### ASSIGNMENT
In the material below, find the line containing "Bohemian-Wedding-Elopement-Photographer-Carolina-61.jpg" and the line containing "Colorblocked Antonella Sweater". Output those two lines and all lines between them exactly, without pictures.

### DATA PROVIDED
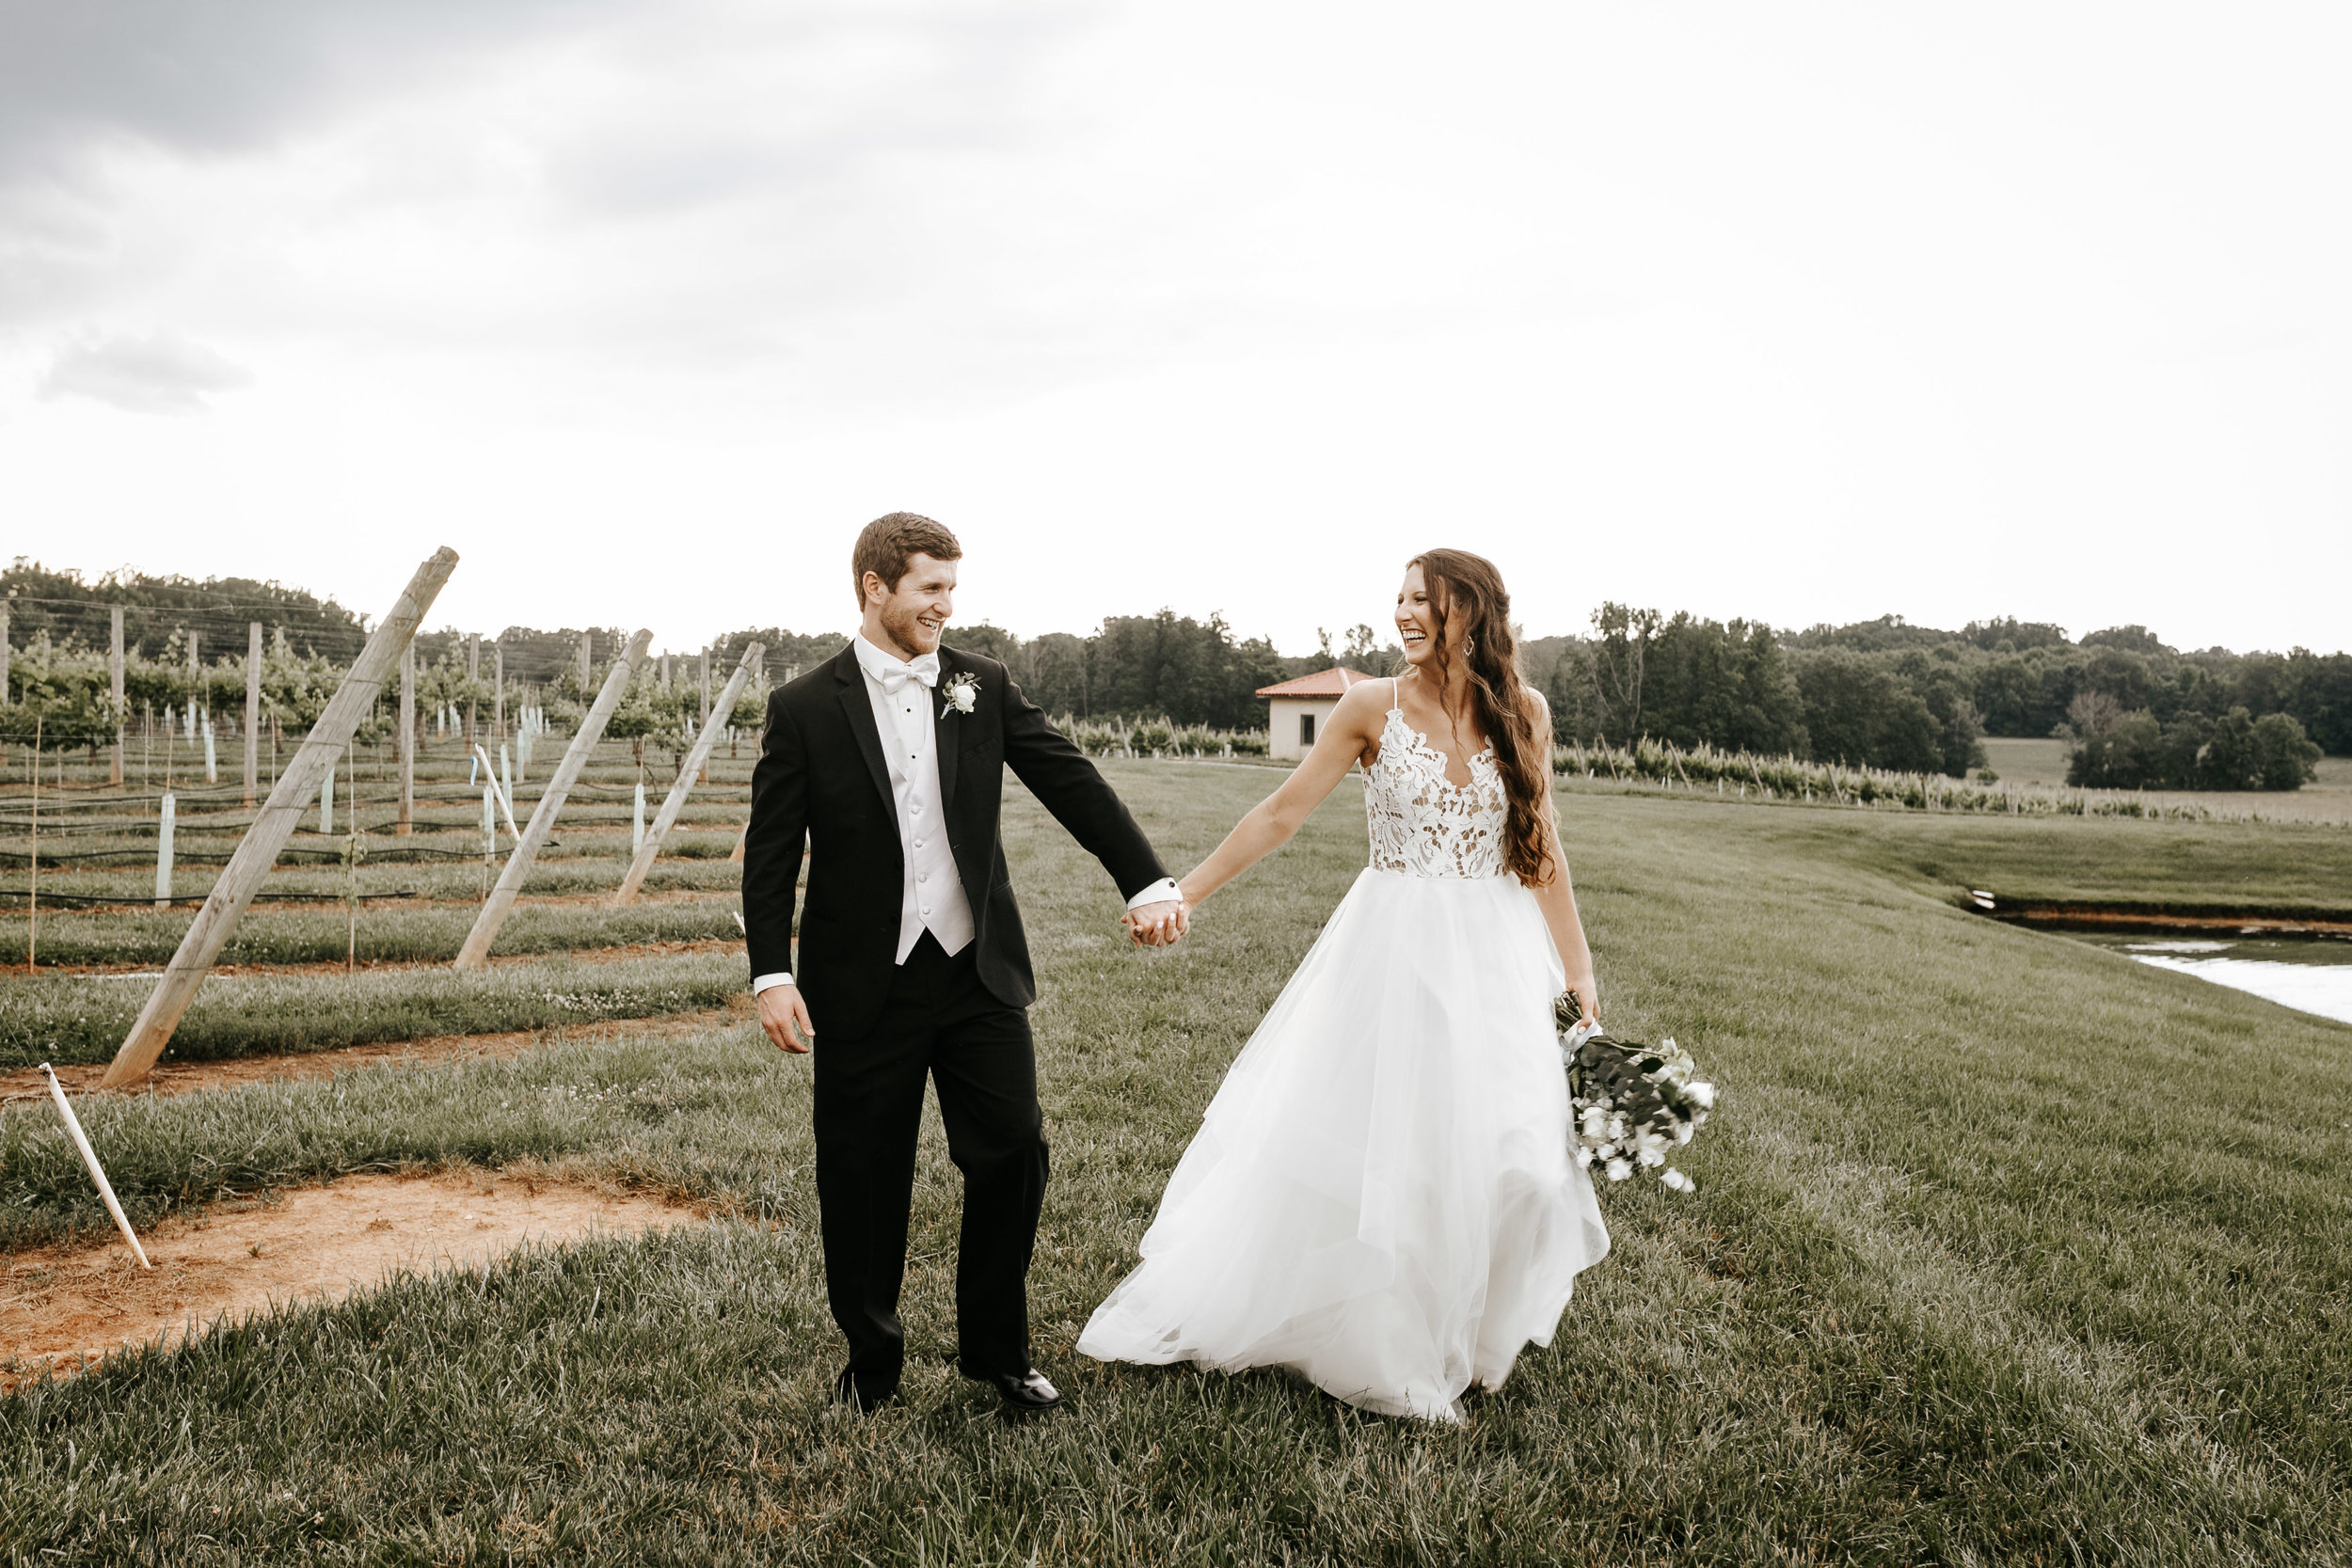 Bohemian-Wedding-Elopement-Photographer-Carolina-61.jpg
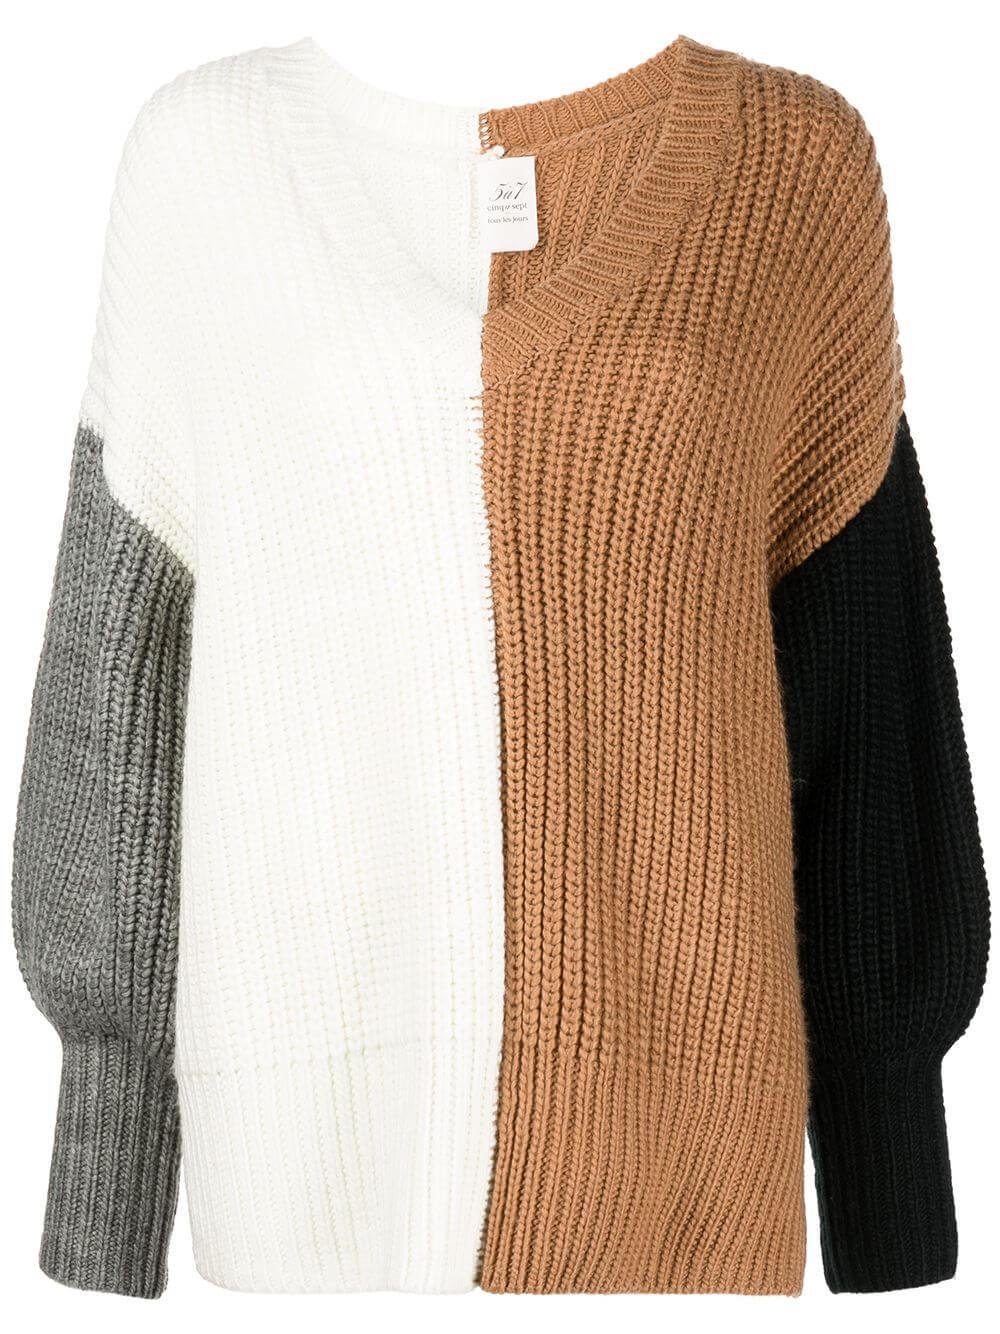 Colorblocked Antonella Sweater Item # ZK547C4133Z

==

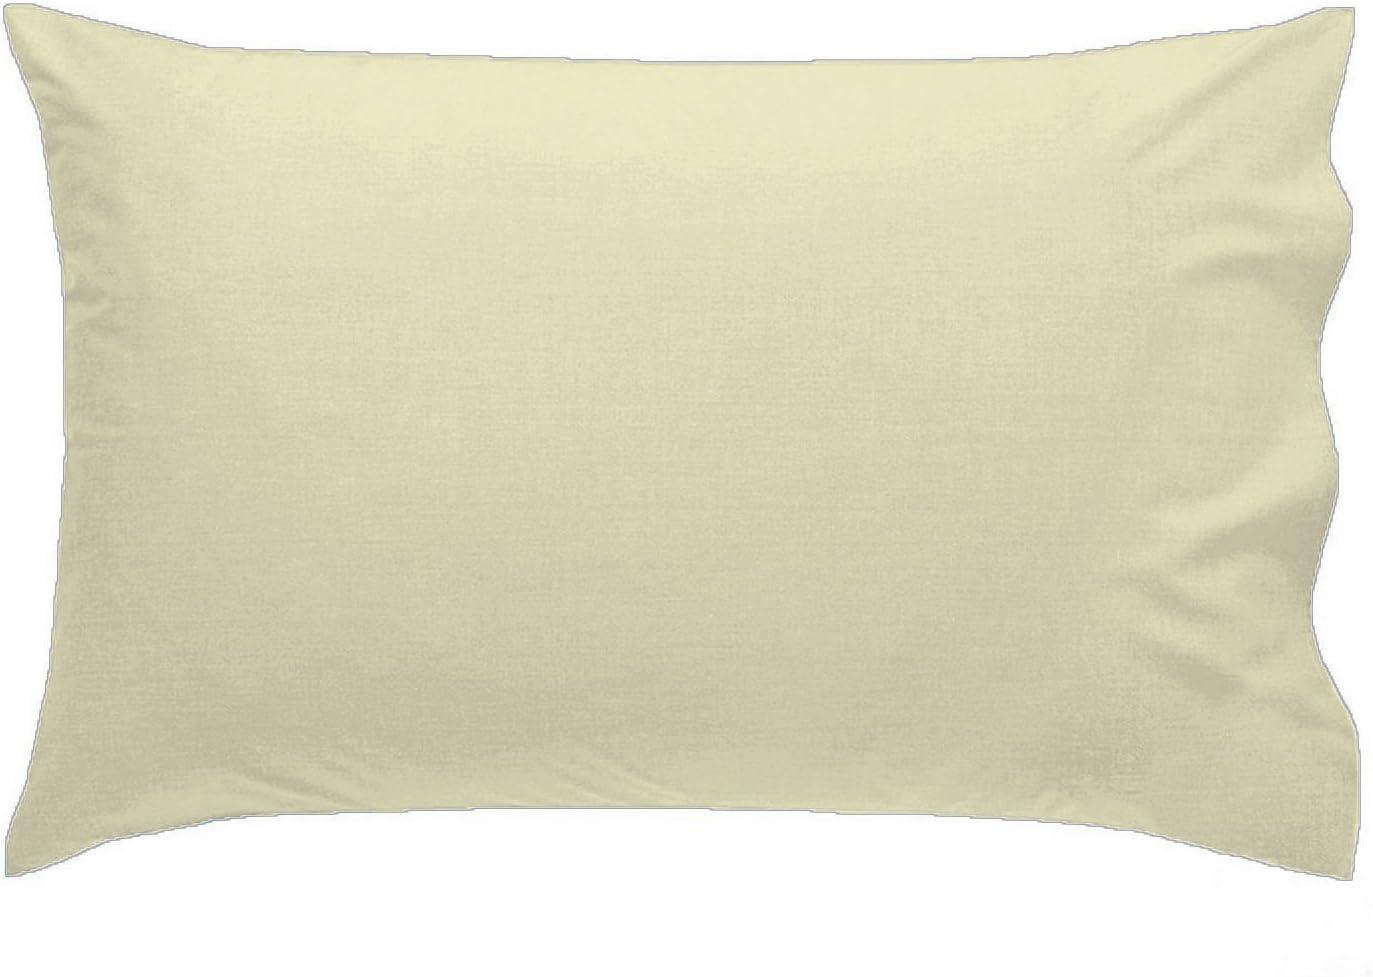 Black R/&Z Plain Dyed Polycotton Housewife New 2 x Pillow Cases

--

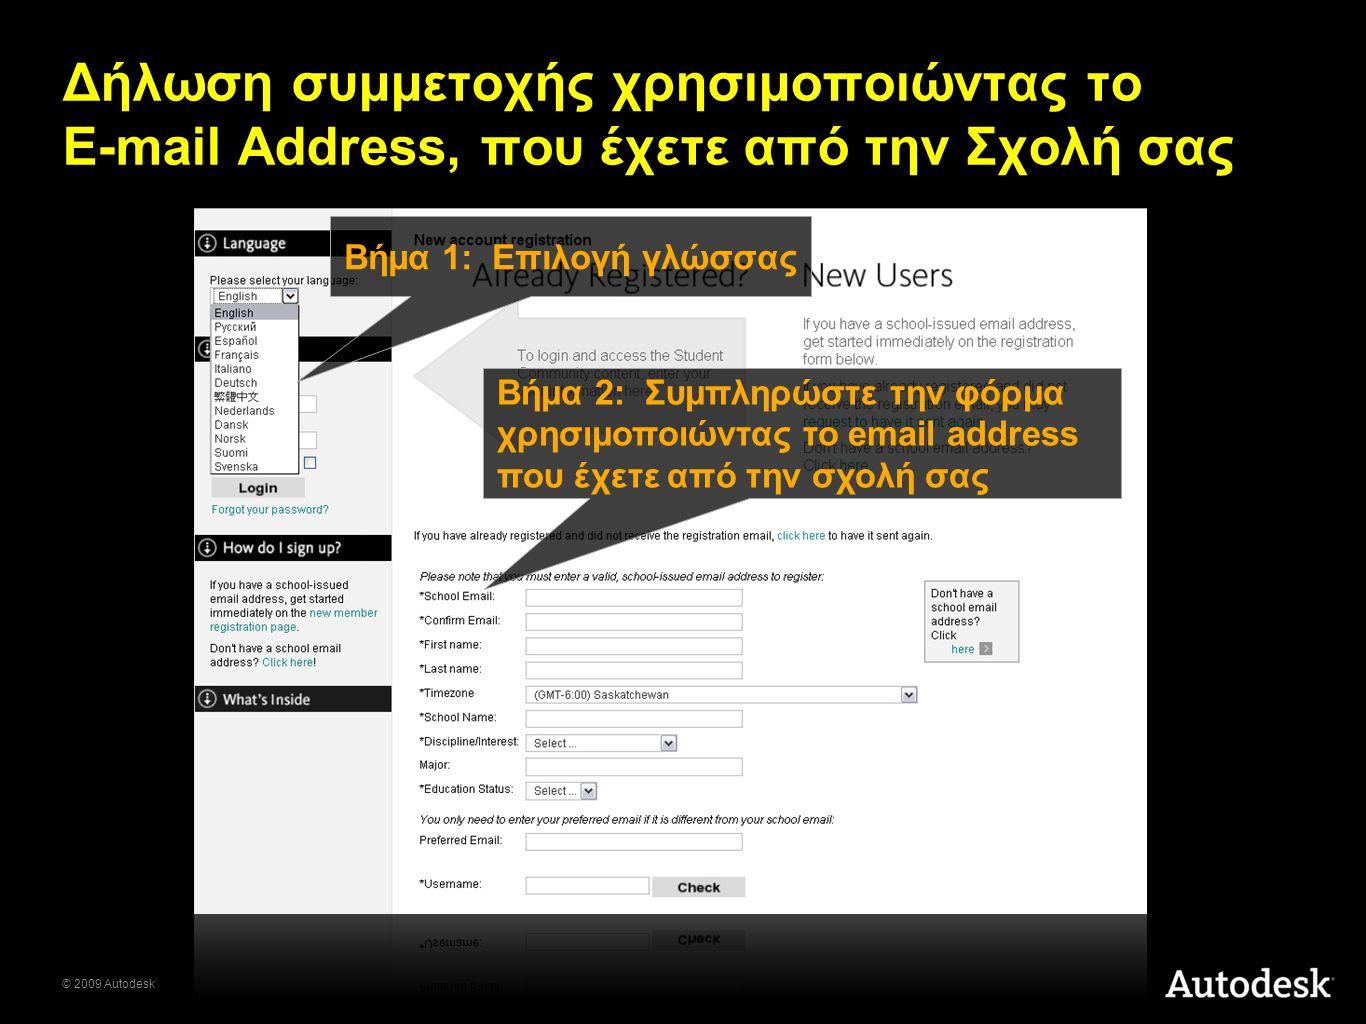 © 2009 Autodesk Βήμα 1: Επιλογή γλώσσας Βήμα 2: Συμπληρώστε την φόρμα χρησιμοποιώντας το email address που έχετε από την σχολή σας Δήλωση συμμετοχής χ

### EXERCISE SOLUTION
 Bohemian-Wedding-Elopement-Photographer-Carolina-61.jpg
 Colorblocked Antonella Sweater Item # ZK547C4133Z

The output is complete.